- **Assignment**:
The job is to find each line in the entries holding the string "Toddler" and copy that line.

- **Data for this task**:
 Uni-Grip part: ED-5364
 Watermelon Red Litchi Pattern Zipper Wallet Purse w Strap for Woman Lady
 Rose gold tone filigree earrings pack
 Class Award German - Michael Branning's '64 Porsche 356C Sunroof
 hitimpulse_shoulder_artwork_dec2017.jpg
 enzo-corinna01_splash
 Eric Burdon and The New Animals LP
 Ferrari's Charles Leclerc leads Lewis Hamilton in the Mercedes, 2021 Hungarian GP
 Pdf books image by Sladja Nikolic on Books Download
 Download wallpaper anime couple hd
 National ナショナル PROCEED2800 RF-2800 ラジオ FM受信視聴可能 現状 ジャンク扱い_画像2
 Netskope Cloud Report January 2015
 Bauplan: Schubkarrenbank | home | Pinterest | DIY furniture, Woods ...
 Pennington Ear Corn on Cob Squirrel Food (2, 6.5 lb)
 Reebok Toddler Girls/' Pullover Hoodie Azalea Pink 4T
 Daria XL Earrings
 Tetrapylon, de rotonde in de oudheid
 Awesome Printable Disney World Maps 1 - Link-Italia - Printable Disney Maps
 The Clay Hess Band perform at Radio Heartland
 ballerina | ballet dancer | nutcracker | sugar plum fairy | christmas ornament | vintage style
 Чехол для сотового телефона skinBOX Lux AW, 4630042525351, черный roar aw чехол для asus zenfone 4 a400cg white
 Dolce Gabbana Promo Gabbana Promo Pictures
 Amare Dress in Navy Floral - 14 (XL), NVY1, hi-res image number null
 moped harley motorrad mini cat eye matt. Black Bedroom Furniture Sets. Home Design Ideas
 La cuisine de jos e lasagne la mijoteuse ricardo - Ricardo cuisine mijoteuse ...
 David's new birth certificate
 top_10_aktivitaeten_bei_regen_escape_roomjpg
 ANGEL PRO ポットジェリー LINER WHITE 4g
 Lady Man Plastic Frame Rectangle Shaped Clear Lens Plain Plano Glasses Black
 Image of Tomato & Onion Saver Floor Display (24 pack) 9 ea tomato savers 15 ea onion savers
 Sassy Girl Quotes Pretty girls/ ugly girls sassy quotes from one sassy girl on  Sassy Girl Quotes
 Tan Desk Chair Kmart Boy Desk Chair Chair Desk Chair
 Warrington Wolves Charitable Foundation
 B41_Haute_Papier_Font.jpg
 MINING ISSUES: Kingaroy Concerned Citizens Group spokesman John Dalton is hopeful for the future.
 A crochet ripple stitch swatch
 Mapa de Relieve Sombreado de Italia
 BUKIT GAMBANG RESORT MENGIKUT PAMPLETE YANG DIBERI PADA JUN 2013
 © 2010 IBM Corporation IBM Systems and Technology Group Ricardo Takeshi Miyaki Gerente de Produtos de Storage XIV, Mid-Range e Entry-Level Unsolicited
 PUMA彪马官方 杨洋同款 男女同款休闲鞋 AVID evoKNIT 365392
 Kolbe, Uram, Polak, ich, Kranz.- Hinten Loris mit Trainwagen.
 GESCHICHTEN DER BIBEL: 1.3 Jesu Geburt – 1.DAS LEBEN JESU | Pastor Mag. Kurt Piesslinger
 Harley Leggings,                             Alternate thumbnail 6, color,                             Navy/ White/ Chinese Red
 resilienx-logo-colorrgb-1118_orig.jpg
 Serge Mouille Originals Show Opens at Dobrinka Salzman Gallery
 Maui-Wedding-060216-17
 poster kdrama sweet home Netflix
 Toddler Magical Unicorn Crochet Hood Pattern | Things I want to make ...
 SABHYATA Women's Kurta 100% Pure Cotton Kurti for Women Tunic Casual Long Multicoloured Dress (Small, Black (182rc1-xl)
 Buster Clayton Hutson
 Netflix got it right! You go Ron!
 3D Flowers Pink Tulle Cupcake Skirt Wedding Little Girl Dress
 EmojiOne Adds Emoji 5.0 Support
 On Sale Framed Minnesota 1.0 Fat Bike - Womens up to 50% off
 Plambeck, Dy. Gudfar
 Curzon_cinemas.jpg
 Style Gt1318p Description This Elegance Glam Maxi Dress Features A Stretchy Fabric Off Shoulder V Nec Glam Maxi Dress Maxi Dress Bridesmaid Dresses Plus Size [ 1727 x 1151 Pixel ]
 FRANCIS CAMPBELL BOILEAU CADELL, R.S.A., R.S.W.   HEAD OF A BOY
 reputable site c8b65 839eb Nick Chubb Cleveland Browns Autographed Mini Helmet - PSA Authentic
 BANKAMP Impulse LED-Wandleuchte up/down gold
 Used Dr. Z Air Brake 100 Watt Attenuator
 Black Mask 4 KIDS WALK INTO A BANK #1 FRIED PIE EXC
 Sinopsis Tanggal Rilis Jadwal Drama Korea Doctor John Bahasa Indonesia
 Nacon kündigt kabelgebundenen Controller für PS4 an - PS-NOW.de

- **Exercise answer**:
 Reebok Toddler Girls/' Pullover Hoodie Azalea Pink 4T
 Toddler Magical Unicorn Crochet Hood Pattern | Things I want to make ...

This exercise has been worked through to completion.